Sale v. United States

31 Fed. Cl. 726, 1994 U.S. Claims LEXIS 166, 1994 WL 457294
CourtUnited States Court of Federal Claims
DecidedAugust 2, 1994
DocketNo. 92-644T
StatusPublished
Cited by5 cases

This text of 31 Fed. Cl. 726 (Sale v. United States) is published on Counsel Stack Legal Research, covering United States Court of Federal Claims primary law. Counsel Stack provides free access to over 12 million legal documents including statutes, case law, regulations, and constitutions.

Bluebook
Sale v. United States, 31 Fed. Cl. 726, 1994 U.S. Claims LEXIS 166, 1994 WL 457294 (uscfc 1994).

Opinion

OPINION

FUTEY, Judge.

Plaintiff, W. Andrew Sale, pro se, brings this tax refund action to recover $5,725.43, plus interest from the date of withholding, in overpaid income taxes for the 1986 tax year. The Internal Revenue Service (IRS) applied these overpaid taxes to satisfy an assessment for restricted interest1 that had accrued from June 13, 1988, through January 26, 1990, on a 100 percent penalty assessment pursuant to section 6672 of the Internal Revenue Code (I.R.C.), 26 U.S.C. § 6672(a) (1954). Defendant, the United States, denies that the IRS wrongfully assessed a penalty against plaintiff and has filed a motion for summary judgment pursuant to RCFC 56.

Factual Background

Peter Pirsch & Sons Co., Inc. (Pirsch), founded in 1857 and headquartered in Ke-nosha, Wisconsin, was a manufacturer of fire trucks and fire truck equipment. Plaintiff first began to work for Pirsch in 1964. During 1971, plaintiff became a sales and administrative assistant as well as the corporate secretary of Pirsch. From 1972 through 1978, plaintiffs duties and responsibilities at Pirsch increased, and eventually he became a member of the board of directors. Subsequently, plaintiff was elected as president and treasurer of Pirsch. During the period in suit, plaintiff was the president, treasurer, and chairman of the board of directors of Pirsch.

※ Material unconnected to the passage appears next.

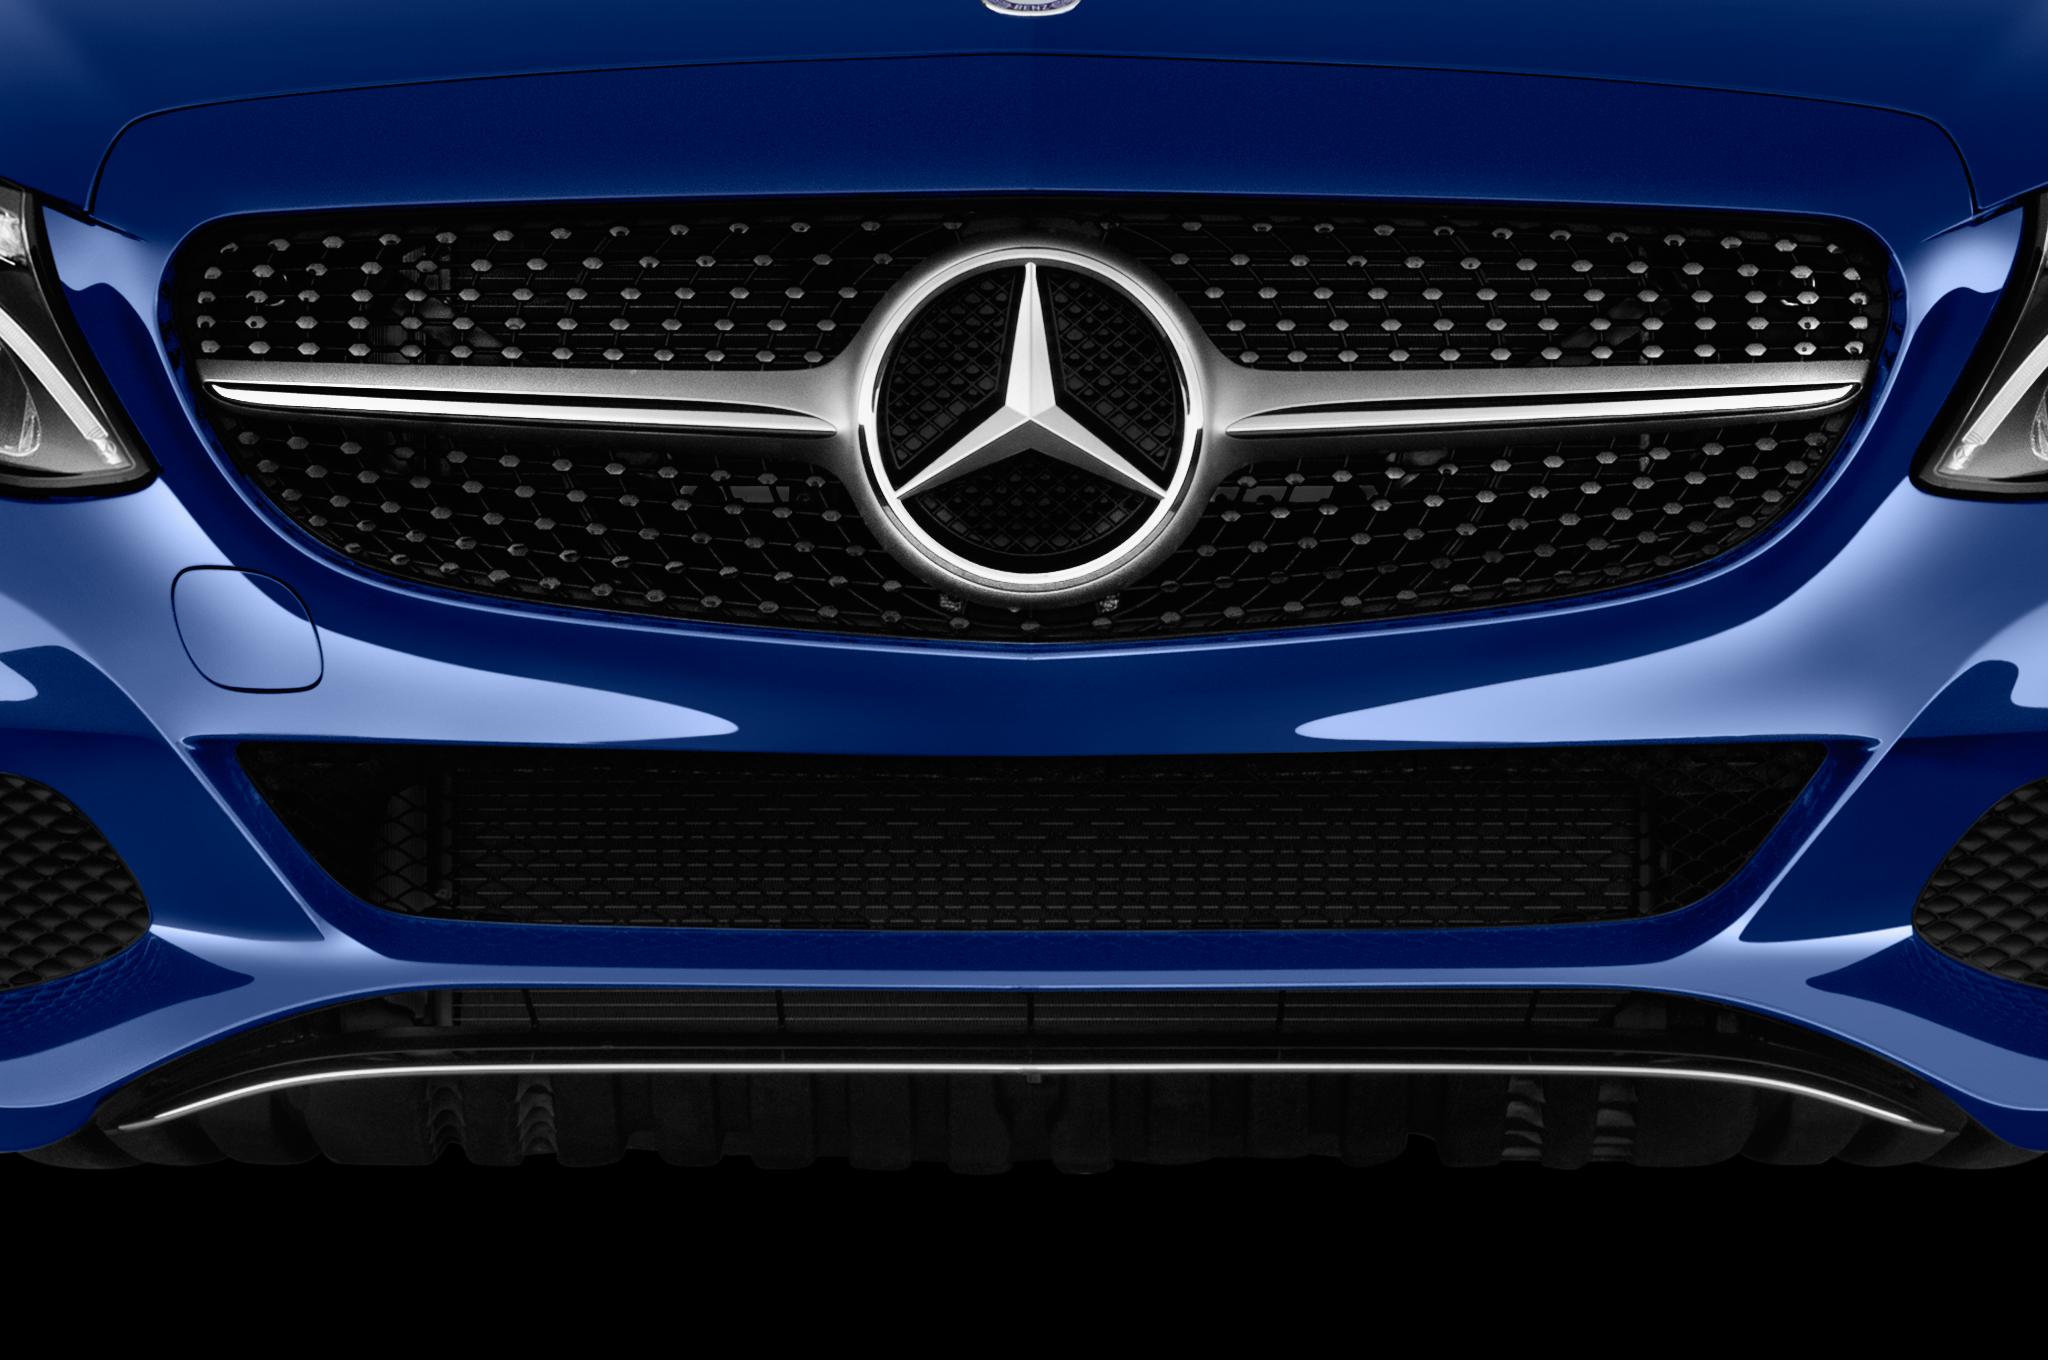 2017 Mercedes Amg C63 Cabriolet Revealed At 2016 New York
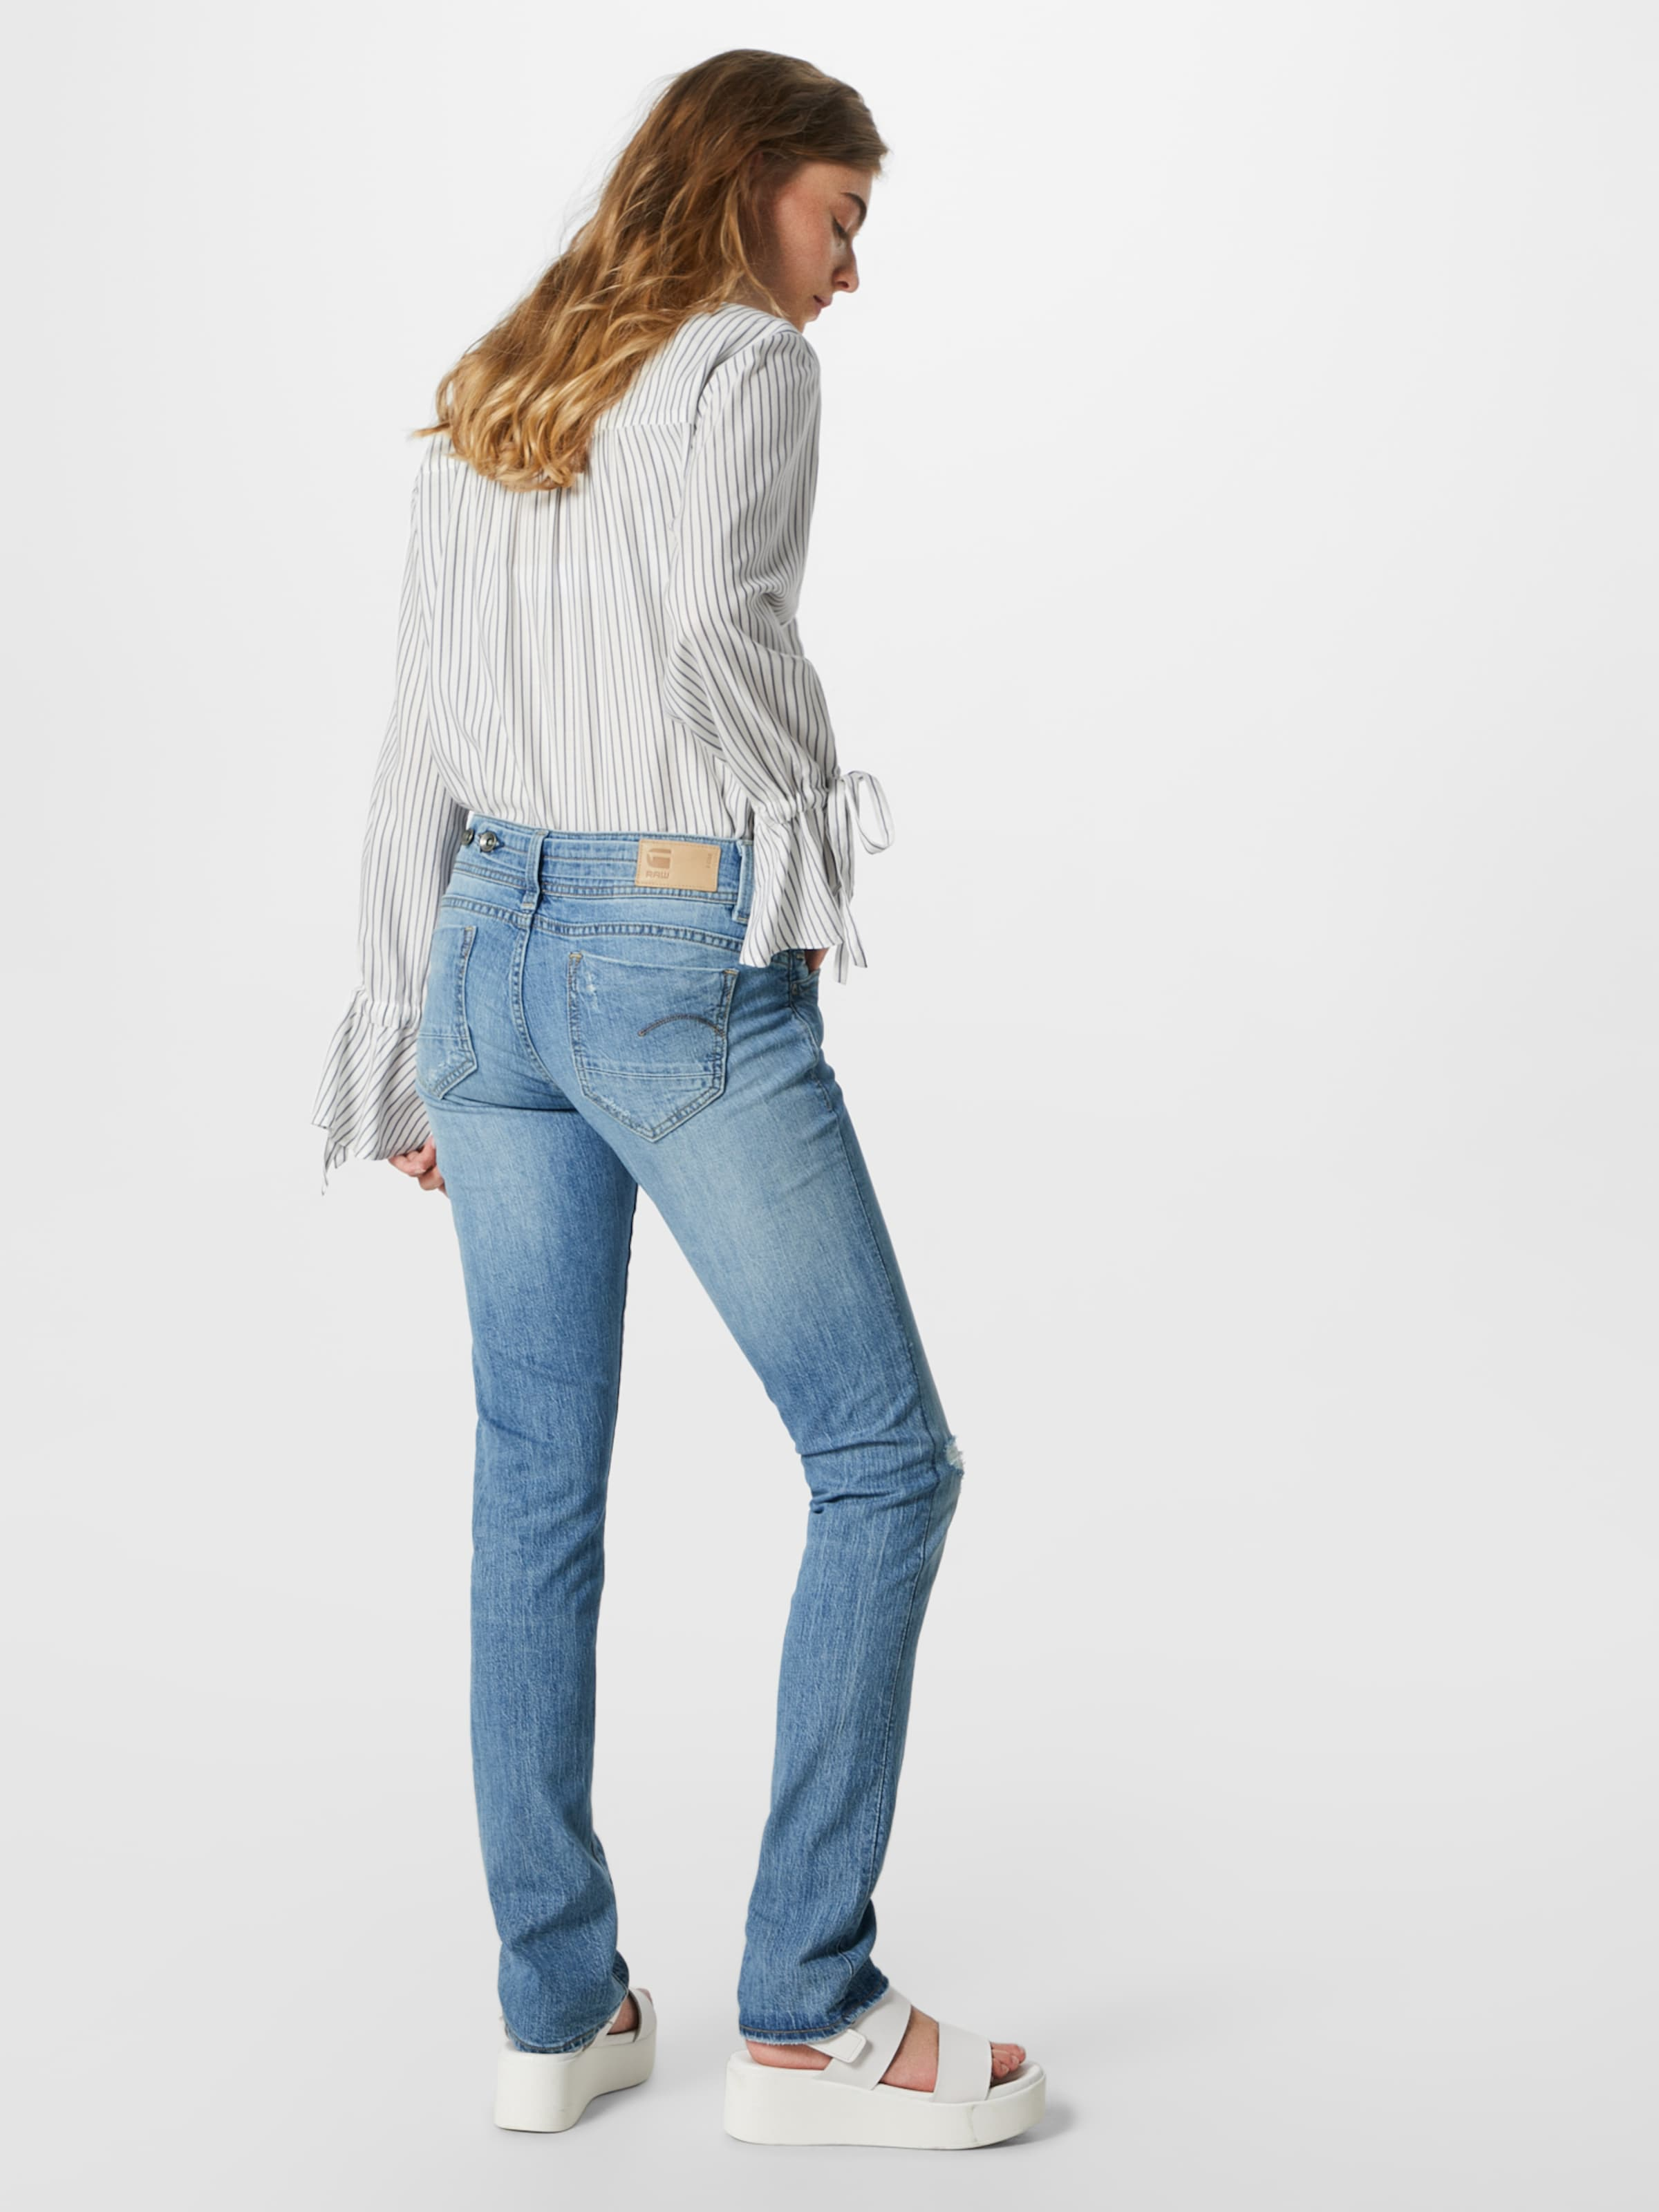 Saddle' Jean 'midge star En Bleu G Raw Denim OkiuZwPXTl

Plaintiff also owned a significant percentage of the 22,368 outstanding shares of Pirsch common stock. As of September 30, 1986, plaintiff held 11,631 shares or 52 percent of the Pirsch common stock. On October 10, 1986, plaintiff acquired an additional 5,000 shares of Pirsch stock from his mother in partial consideration for the transfer by plaintiff of the deed to his personal residence. Pirseh’s 1986 tax return, filed with the IRS on September 16, 1988, indicates that plaintiff was a 74 percent shareholder of the corporation as of December 31, 1986.2

As the president, treasurer, chairman of the board, and majority shareholder, plaintiff largely controlled Pirsch’s corporate activities and operations. For example, plaintiff exercised authority over which creditors were to be paid and when such payments were to be made. Plaintiff was the only [729]*729individual designated to sign checks, drafts, notes, bills, certificates of deposit, and other orders for payment or withdrawal of money. In addition, plaintiff alone maintained the authority to borrow funds on behalf of the corporation.

In 1983, plaintiff hired Lawrence C. Adams to serve as the controller of Pirsch. Adams’ duties included oversight of accounts receivable and accounts payable, and maintaining daily cash bank balances. On June 18,1986, Adams was forced to resign due to illness. After Adams’ resignation, Pirsch’s assistant to the eontrollér, Michael Cuccia, assumed Adams’ duties and served as the acting controller at Pirsch. During this time, Cuccia prepared monthly cash flow statements for plaintiff. In this way, plaintiff kept well informed of Pirsch’s financial situation.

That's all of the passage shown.